Be very specific on what to do and what not to do. Some groomers think they should all be cut like poodles, or maybe that's all they know how to do.Good luck! I'm sure it will be fine.


----------



## evaofnc (Feb 22, 2011)

Luckily this is the same groomer that does my mother in law's havanese so hopefully they did well. Hubby is picking her up now!


----------



## TilliesMom (Sep 30, 2010)

looking forward to seeing the results!! I need to get Tillie into the groomer too... I can't see her EYES! LOL


----------



## holt24 (Jan 21, 2011)

LeighaMason said:


> On Sugarbaby's first trip to the groomer that is what they were suppose to do, when I picked her up, they had shaved her face. She looked like a schnauzer. I had told the groomer I wanted a "sanitary" cut, and when I complained, she said shaving the face is part of the "sanitary" cut so be very specific. Now when I took her to the new groomer I said "Only cut hair that is touching her feet or within 1" of her private areas. Do not cut a single hair anywhere else on her head or body"


btw- schnauzers aren't supposed to have their face shaved either. Head and neck but not nose or beard but many groomers do it- I have been so mad when they have cut the eyebrows off or the beard has been cut - that is why I learned to do it my self!

oh and yes good luck at the groomers


----------



## evaofnc (Feb 22, 2011)

Whelp I spoke too soon 

Apparently when my fiance dropped Eva off at the groomer, the groomer asked if she was to do a sanitary cut, I guess just confirming what we had talked about on the phone. And he told her, "No she needs a haircut." So she got completely shaved! :frusty:

I can't really fault the groomer for that but poor Eva now looks like a schnauzer or something. I have no idea why he said that to the groomer, since we had talked about her getting a sanitary cut that morning









Once I find my memory card reader I'll put up some pics.


----------



## shimpli (Mar 24, 2010)

OMG I didn't know that a having a haircut means to completely shave the dog. Ohh noo. I am sorry this happened to you.


----------



## evaofnc (Feb 22, 2011)

Yeah I didn't know that either. But I think he learned his lesson and won't be making THAT mistake again haha.


----------



## Jplatthy (Jan 16, 2011)

OMG I'm so sorry..I couldn't imagine that getting a haircut meant getting shaved either but my Sissy got shaved w/out my approval and my Smokey had all his black tips cut off after I specifically told her NOT to touch his coat..........

The only good news is that it does eventually grow back


----------



## TilliesMom (Sep 30, 2010)

OH NOOOOOOO, I am SO sorry...


----------



## whimsy (Apr 3, 2010)

oh no !!!!!!!!!!!!!!...


----------



## Kathie (Jul 31, 2008)

Hurry with the pictures!


----------



## evaofnc (Feb 22, 2011)

lol I'm still trying to find my card reader.
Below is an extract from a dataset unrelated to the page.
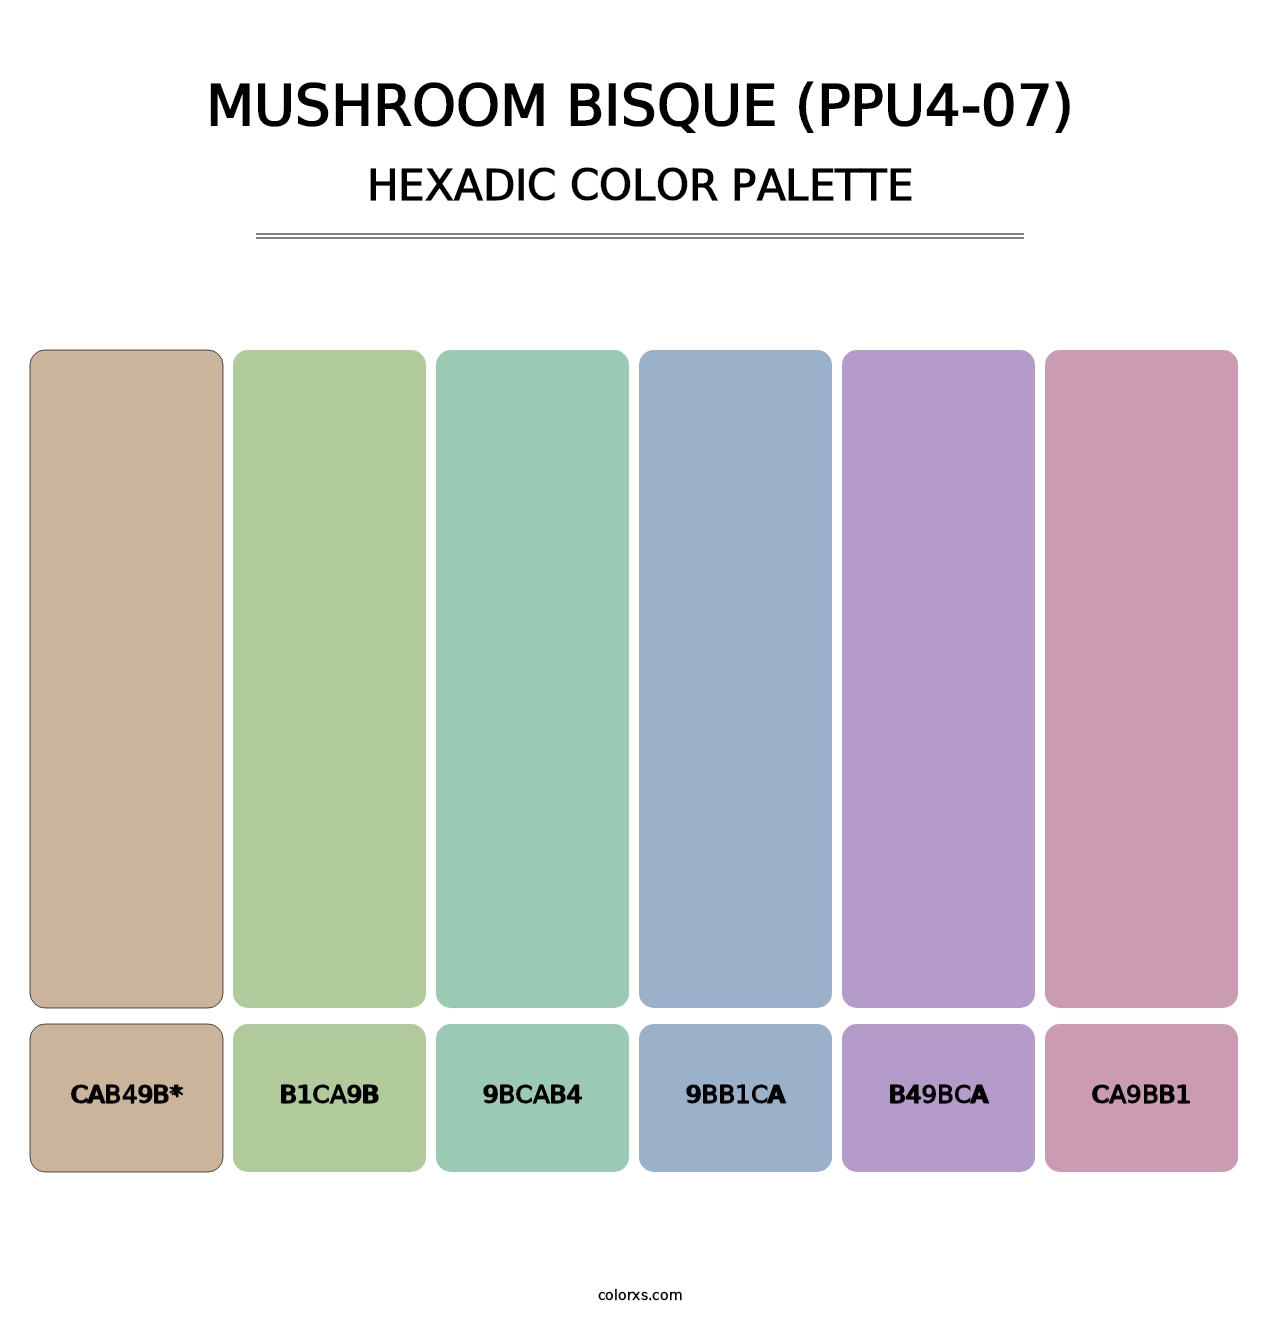 Mushroom Bisque (PPU4-07) - Hexadic Color Palette

I'm going to do a deep clean tomorrow and I'm sure it will show up


----------



## clare (Feb 6, 2010)

Oh no poor pup and poor you, I would have gone mad!Still fur grows.


----------



## evaofnc (Feb 22, 2011)

I forgot the dog show was today so no cleaning lol. I promise pics tomorrow!!


----------



## dodrop82 (May 21, 2010)

Huh?! What dog show?! I can't find a dog show? On TV or in real life?!


----------



## evaofnc (Feb 22, 2011)

There was a local dog show in Raleigh today. I went to check out the Havs and see how they do the judging for the obedience competition


----------



## evaofnc (Feb 22, 2011)

Things got crazy at work so here are the much delayed photos. Unfortunately it's kind of hard to tell from the photos how short her hair was but I think you'll get the idea. I also need to invest in a better camera I thinkound:


----------



## Jplatthy (Jan 16, 2011)

My puppies have that same toy! Her hair cut does not look bad.....it looks like they left some length...when they shaved Sissy they really shaved her...


----------



## evaofnc (Feb 22, 2011)

Yeah it's hard to tell from the pics but other than her head the hair on her body was shaved down to the same length as a boxer almost! And they shaved down the hair on her muzzle that it was almost just skin on the bridge of her nose. Craziness!


----------



## Kirby (Mar 7, 2011)

Best of luck!

The first time I took Kirby to the groomer I was so worried he'd be mistreated and had no clue how to find a good groomer....Took him to another city and had to fill out a card requesting what I wanted done. I explained that I wasn't sure...just wanted him trimmed up...thinking they would know what a purebred Havanese should look like (what did I know about purebreds? nothing!). I also wrote on the note to please give him lots of hugs during the procedure. They looked at me like I was from outer space...shook their heads...took my precious puppy and handed me back a dog that looked like an orangutan. He looked simply ridiculous! I don't know how they managed to make such a mess of him! When I picked him up....and saw him...there was a huge lump in my throat...I am a too nice person so I foolishly said, "I'll bring him in again...you did a great job". The gal looked at me strangely and said, "Really? Well, thanks!" She knew darn well she had screwed up. I never went back there and all other groomings have been wonderful.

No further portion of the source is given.